Created attachment 778886 [details] [diff] [review] possible patch https://tbpl.mozilla.org/?tree=Try&rev=c756d7b36c52 There are perhaps more objects which shouldn't be thread safe, but changed refcounting of nsNSSASN1Sequence only for now.
Comment on attachment 778886 [details] [diff] [review] possible patch Hmm, no, somehow this breaks bug 480509.
Created attachment 778888 [details] [diff] [review] v2 https://tbpl.mozilla.org/?tree=Try&rev=9ce0ab0dc7de Not beautiful, but seems to pass the tests locally. Trying to keep the old behavior. I guess someone just doesn't care about the rv value, but expects there to be a real result.
Oh, silly me. Didn't notice 'sequence' is reused later in the method. So this v2 should be ok.
Created attachment 778954 [details] [diff] [review] alternative approach https://tbpl.mozilla.org/?tree=Try&rev=d5a45d6f3e3a I guess either one should be ok.
(In reply to Scoobidiver from comment #5) > Checking manually (bug 888219 not fixed) Now that bug is fixed, here are the latest correlations: 96% (45/47) vs. 2% (47/1931) CertPatrol@PSYC.EU (Certificate Patrol, https://addons.mozilla.org/addon/6415) (2.0.14)
Comment on attachment 778954 [details] [diff] [review] alternative approach Review of attachment 778954 [details] [diff] [review]: ----------------------------------------------------------------- You should have an XPCOM peer review the XPCOM changes that add the new parameter to nsArray. I prefer not to use this as the solution because PSM has never had to explicitly deal with cycle collection yet (AFAICT) and I would like to keep it this way if at all possible.

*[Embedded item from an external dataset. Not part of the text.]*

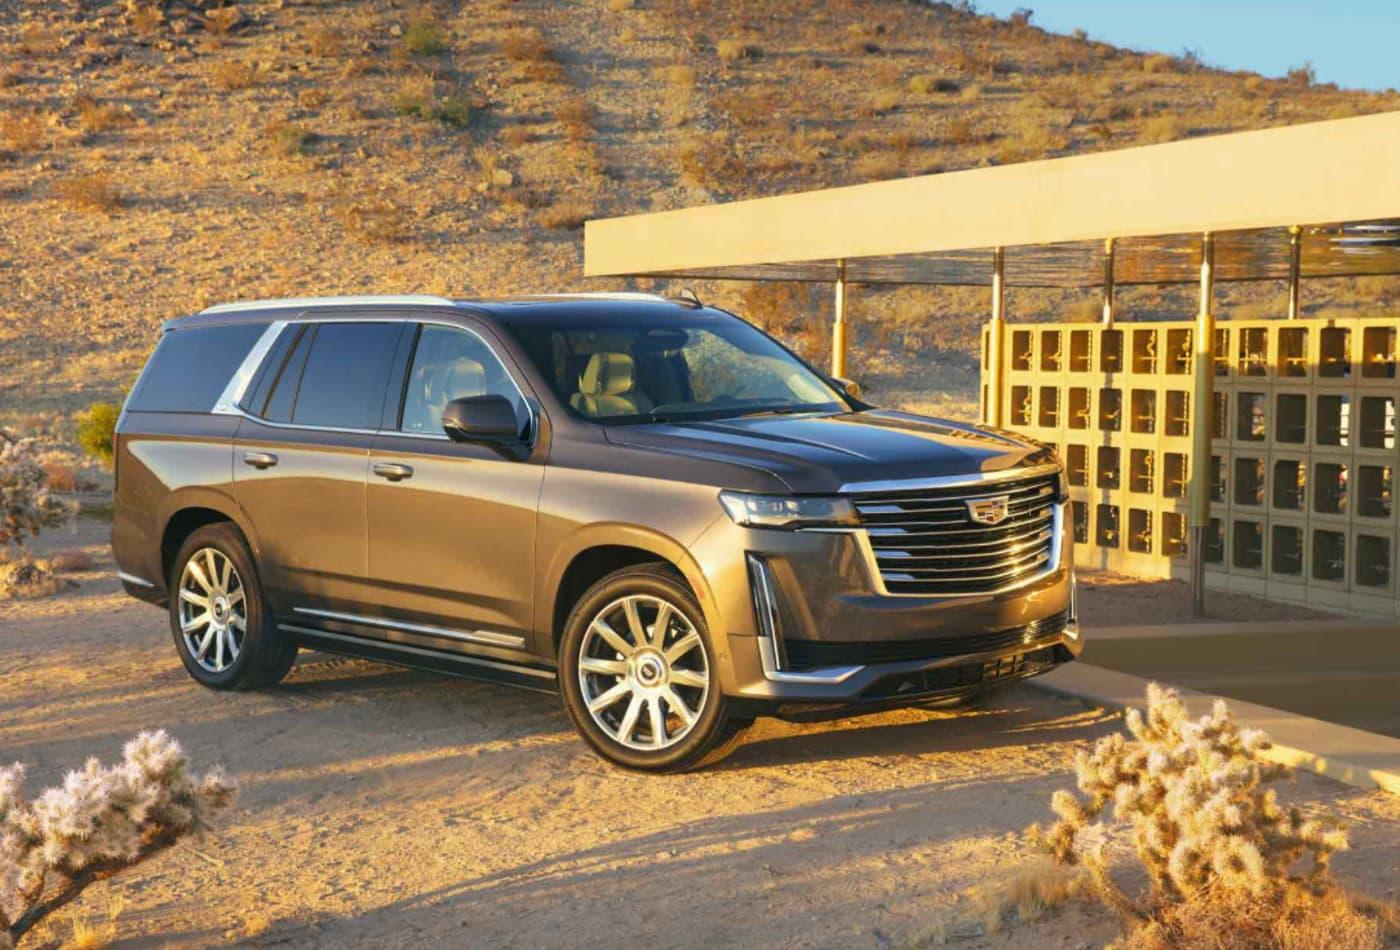 GM unveils new tech-savvy Cadillac Escalade SUV
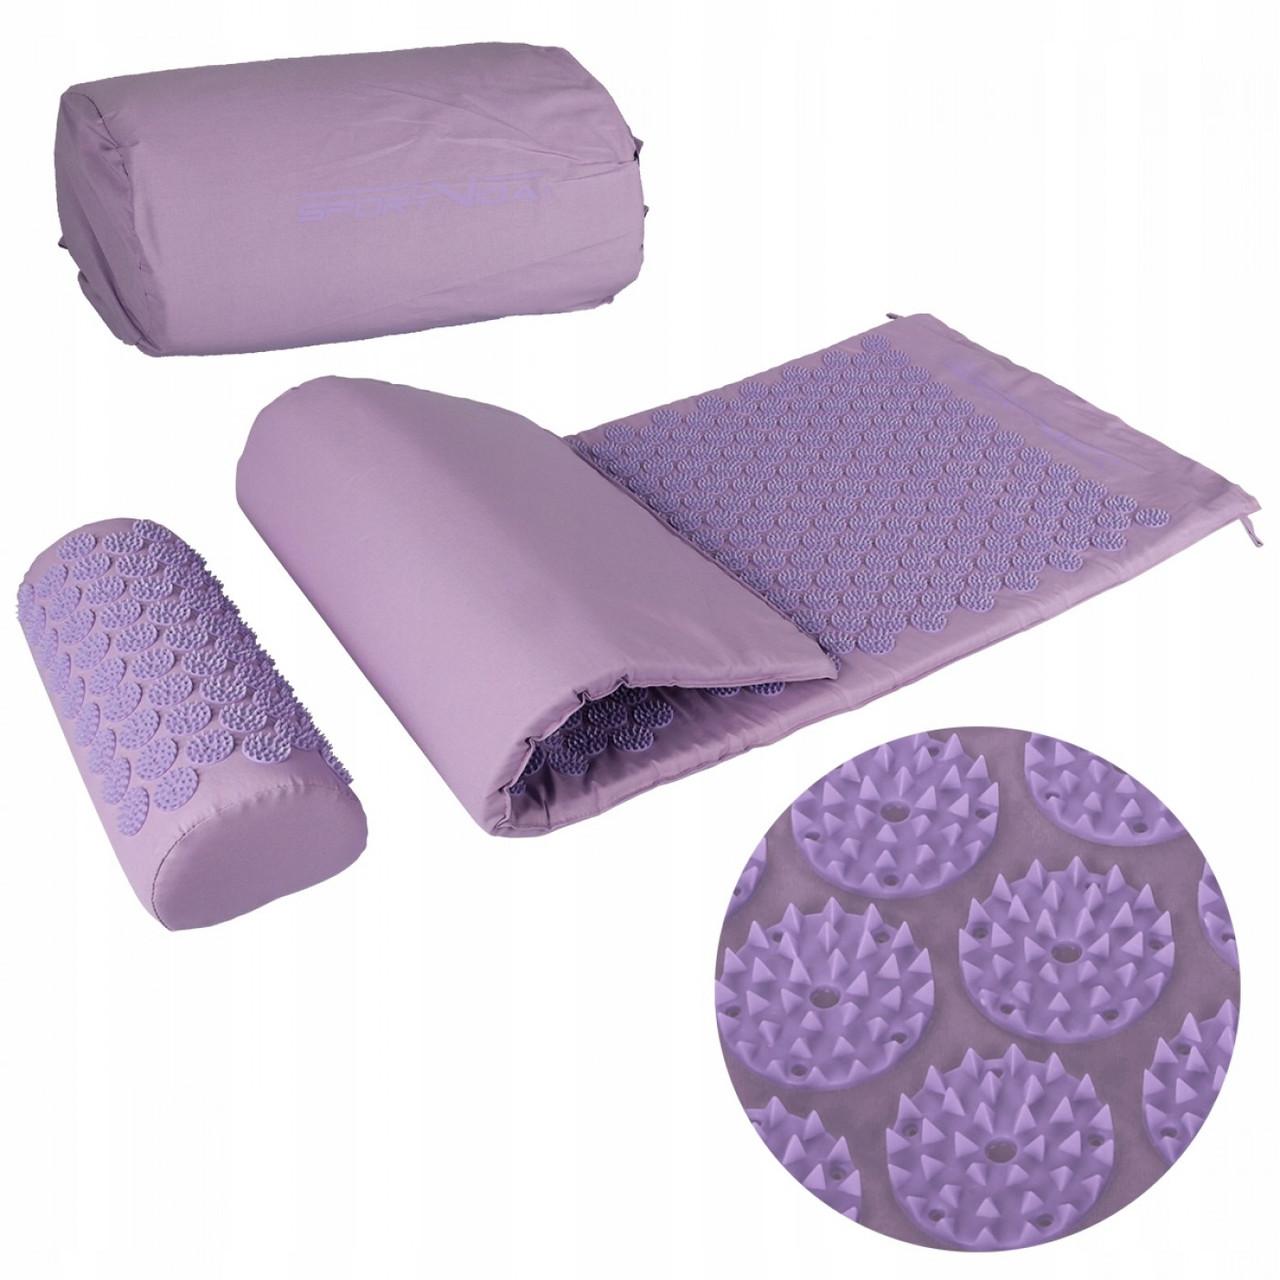 Коврик акупунктурный с валиком SportVida Аппликатор Кузнецова 130 x 50 см SV-HK0411 Purple/Purple - Love&Life

Comment on attachment 778888 [details] [diff] [review] v2 Review of attachment 778888 [details] [diff] [review]: ----------------------------------------------------------------- ::: security/manager/ssl/src/nsNSSASN1Object.cpp @@ +13,2 @@ > NS_IMPL_THREADSAFE_ISUPPORTS2(nsNSSASN1PrintableItem, nsIASN1PrintableItem, > nsIASN1Object) Please also change nsNSSASN1PrintableItem to non-thread-safe nsISupports. This patch is bitrotted by the patch that removed NS_IMPL_THREADSAFE_ISUPPORTS* so you'll need to redo this part by changing the declarations of the classes. ::: security/manager/ssl/src/nsNSSCertHelper.cpp @@ +2116,5 @@ > if (isAlreadyShutDown()) > return NS_ERROR_NOT_AVAILABLE; > > nsCOMPtr<nsIASN1Sequence> sequence = new nsNSSASN1Sequence(); > + NS_ADDREF(*aRetVal = sequence.get()); Nit: No need for two addrefs. Just set *aRetValue = new nsNSSASN1Sequence() directly. (Move the declaration of sequence down to be right above the call to CreateTBSCertificateASN1Struct.)
Created attachment 782627 [details] [diff] [review] using .forget().get() This way no extra addref/release. retval is nsIASN1Object, but we need nsIASN1Sequence within the method, so couldn't just assign to retval.
Calling this verified fixed since I only see four reports in the last week with this signature on Firefox 25.0a2 and 26.0a1. Should there be a follow-up bug to address the new instances of this signature?